Check that the memory flush is enabled and has enough buffer to trigger. OpenClaw has a built-in safety net that saves context before compaction - but most people never check it's working or give it enough room to fire.
Make retrieval mandatory. Add a rule to AGENTS.md that says "search memory before acting." Without it, the agent guesses instead of checking its notes.

The rest of this article explains why those three work - and the full system built on top of them.

The mental model

Most people think of "memory" as one thing. It's actually four separate systems, and they fail in different ways. Knowing which layer broke is 90% of fixing it.

The four layers

Four layers of OpenClaw memory - bootstrap files (permanent), session transcript (semi-permanent), LLM context window (temporary), retrieval index (permanent)

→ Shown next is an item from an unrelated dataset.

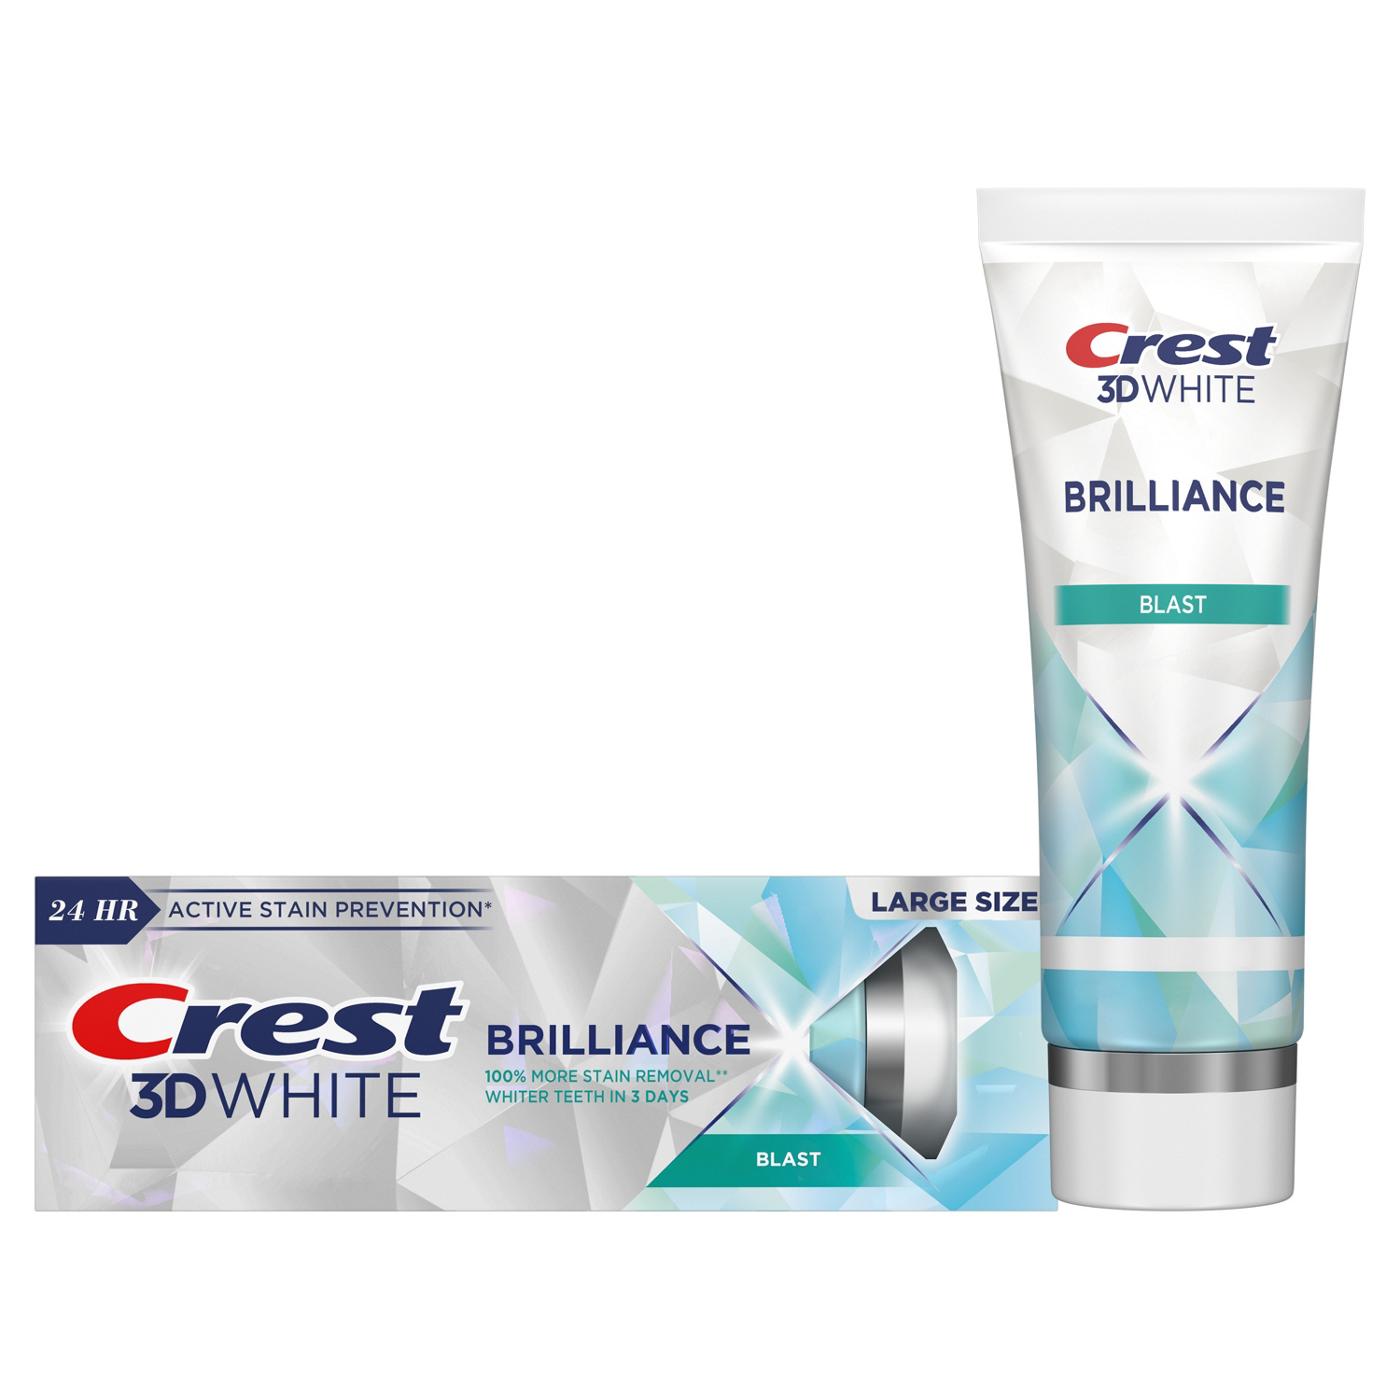 Crest 3D White Brilliance Toothpaste - Blast; image 5 of 6

Layer	What it is	Durability
Bootstrap files (SOUL.md, AGENTS.md, USER.md, etc.)	Injected at every session start from disk	Permanent - survives everything
Session transcript (JSONL on disk)	Conversation history rebuilt each turn	Semi-permanent - can be compacted
LLM context window (in-memory)	What the model actually "sees" right now	Temporary - fixed size, overflows
Retrieval index (memory_search / QMD)	Searchable index over memory files	Permanent - rebuilt from files

Bootstrap files are your workspace files - SOUL.md, AGENTS.md, USER.md, MEMORY.md, TOOLS.md. They're loaded from disk at session start. They survive compaction because they're reloaded from disk, not from conversation history. This is your most durable layer.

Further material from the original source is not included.